Thursday, August 5, 2010

Women Who Have Rejected Me


I began writing for pay when I was eighteen years old. And since that time there have been many women who have rejected me. This is not surprising, since many editors are women and it is so easy for women to discover my weaknesses and hurt my feelings.

One of my earliest rejections took place when I was twenty-five years old. I was newly married and had my hands full just trying to please my first wife. This editor calls me and, in a voice that conjures up images of supermodeldom, wonders if I might be interested in writing one of the essays that will be included in an upcoming youth ministry book. Naturally, I swoon, agree to the contract and the meager pay, and set out writing my masterpiece. A few days later I send in the piece, thinking I have written an essay that will change the world. (This was before the real explosion of PCs, when writers had to send material in "over the transom" of the U.S. mail.)
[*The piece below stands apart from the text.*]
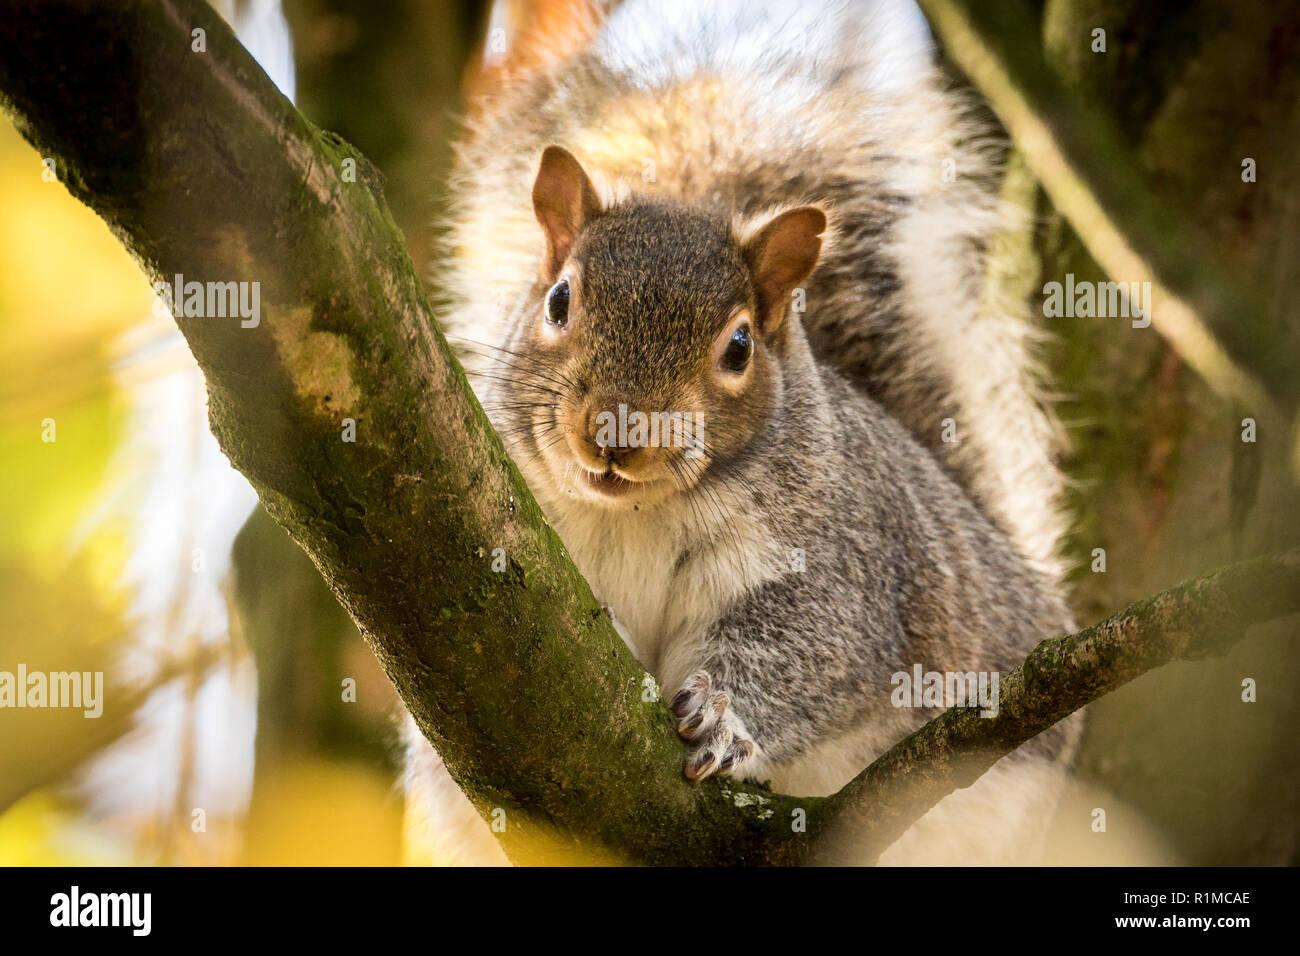 Grey squirrel in autumn sunshine. - Stock Image

Some weeks later, I receive another call from this same editor telling me that she cannot accept any of my essay as it is, and that I need to re-write it top-to-bottom, and that she needs my rewrites the next day. (What I hear is: "And you call yourself a man?" "Is this your best performance?" "If you are married, your wife must have settled for the bottom rung cause you sure can't ring my bell, honey!")
I do the rewrites in my underwear, thinking a change of scenery might inspire, but gosh darn it if this editor doesn't reject my rewrite too. She ended up writing the essay herself.
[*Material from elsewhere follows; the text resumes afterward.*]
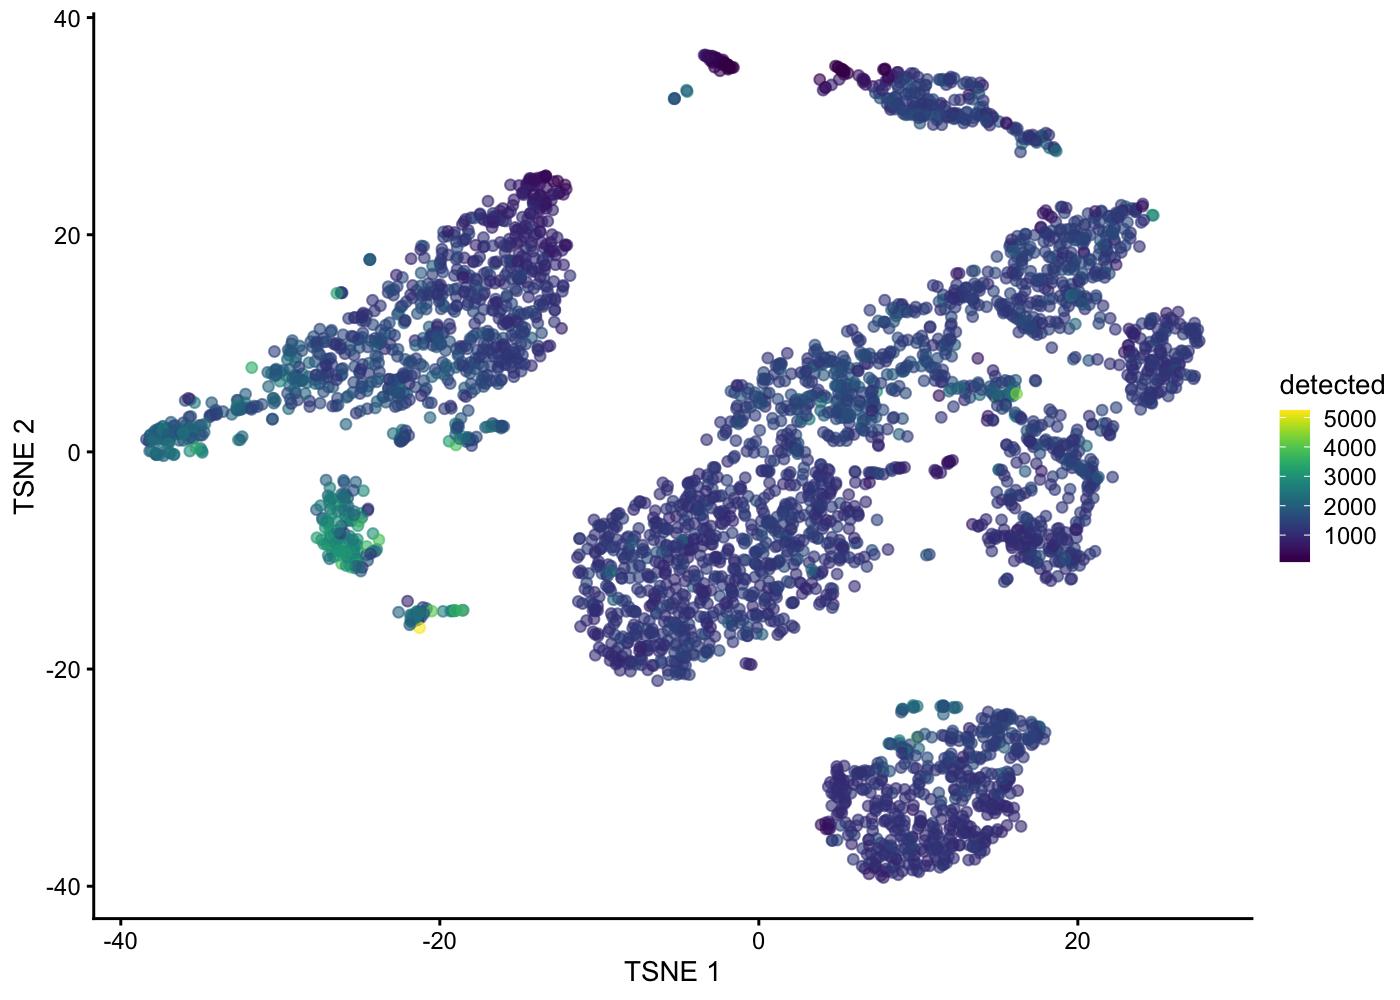 public/figure/sahmri_analysis-workflow.Rmd/tsne_plot-1.png

I was, to say the least, emasculated.

But I also vowed that I would make it tougher for women to reject me after that. Still, after thirty years of writing, it's still happening on a regular basis. A woman calls, I get all excited and flustered and go out and buy a nice bottle of wine and some fancy cheese bearing a name I cannot pronounce, and then she tells me, "You can't write worth a cowpie!"

My wife, of course, is no comfort. She eats the cheese and drinks my wine and tells me to "get over it." Practicality has no place in a writer's world. I love the dance too much.